Why create a custom AMI?

18 January 2011

I’ve been getting a lot of questions today about why we do this whole process of creating and registering a custom AMI and then bootstrapping it, rather than just starting from scratch each time. Their questions are motivated by various things, ranging from frustration with the process to not understanding the purpose. I haven’t been very articulate in describing why this is part of Lab 1, so I’ll try my hand at an explanation here.

The Concept of a Stem Cell Server The Image Project requires you to create a web server and a two-part app server. These both have the same basic configuration: Apache with Python, or Apache with PHP, or IIS with .NET, etc. (as per your preference). It will save you a lot of trouble in the coming labs if you’ve created a good, general AMI configuration that can serve adequately as a base for all your real servers. You don’t want to have to write a configuration script every time that installs the same things–the AMI ought to have those already there.
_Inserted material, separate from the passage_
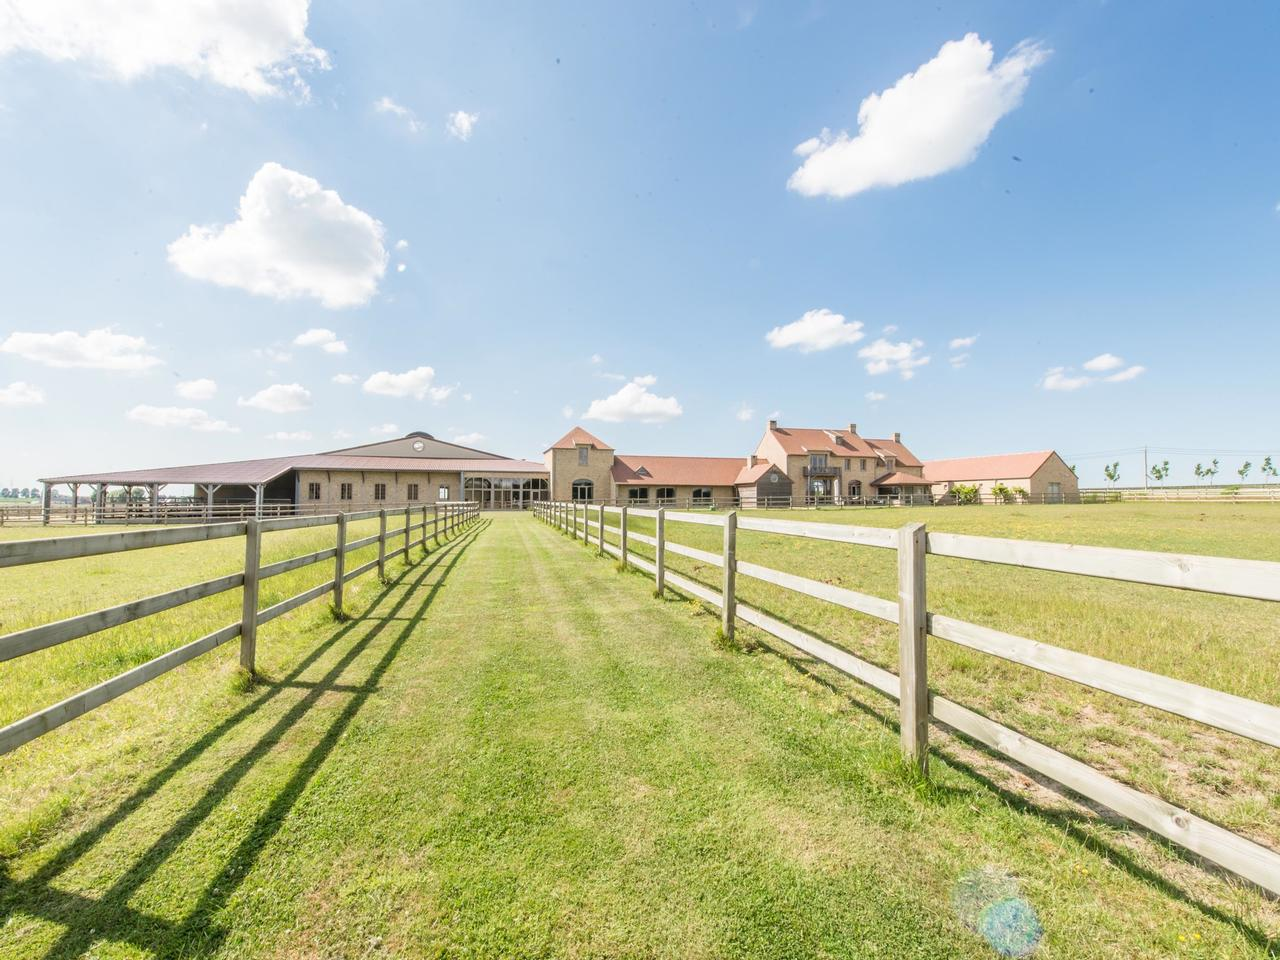 Farm / Ranch / Plantation for Sale at West Vlaanderen I Langemark Other Belgium, Other Areas In Belgium, 8920 Belgium

That way, your configuration only needs to reflect what is different or unique about each server.

You have to have perspective beyond just Lab 1.

Efficiency of Scaling

One of the primary things to keep in mind when working with Amazon Web Services is that you have to think like Amazon. They have a huge system and need to be able to scale up or down dynamically as demand fluctuates. The requirements of that system led to the current architecture of services like EC2 and S3.

The Image Project is not anywhere near the scale of Amazon.com, simply because we only have a semester to build it. But the architecture of the project is designed to imitate that of a real-world massively scalable system. Keeping that in mind throughout the semester will make some project requirements easier to understand.

When Amazon needs to fire up another EC2 instance for their company infrastructure, it needs to occur rapidly. The longer it takes, the more business they may lose. The process of creating custom AMIs was designed with that in mind.

In our case, the speed at which an instance starts up is not very important. We’re not doing it dynamically, and we do it infrequently. As far as the performance of our system is concerned, it doesn’t really matter to us whether it takes two seconds or two minutes.

But consider two setups in a large, scalable production system:

In this hypothetical large, scalable system, we need to fire up instances dynamically. Setup #1 will take a few minutes to download, install, and configure everything—all that in addition to the time it takes to start the instance in the first place. In those few minutes, the rest of our instances are still struggling to handle all the requests, and a few customers have left because the pages are taking so long to load.

Setup #2 requires no extra time besides initially starting up the instance (a sunk cost). As soon as it starts up, it’s registered with the load balancer and ready to help the other instances handle the traffic. In addition, it doesn’t use any extra network bandwidth to download and install packages that could be downloaded just once and stored in the AMI.

You can see that in this type of a system, the efficiency with which we can spin instances up or down makes a difference. We’re designing The Image Project so that it is ready to scale like that as soon as our traffic starts increasing.

Summary Keep the big picture in mind. This is designed to be a potentially huge system with loosely-joined components that can scale independently and flexibly. Think like Amazon.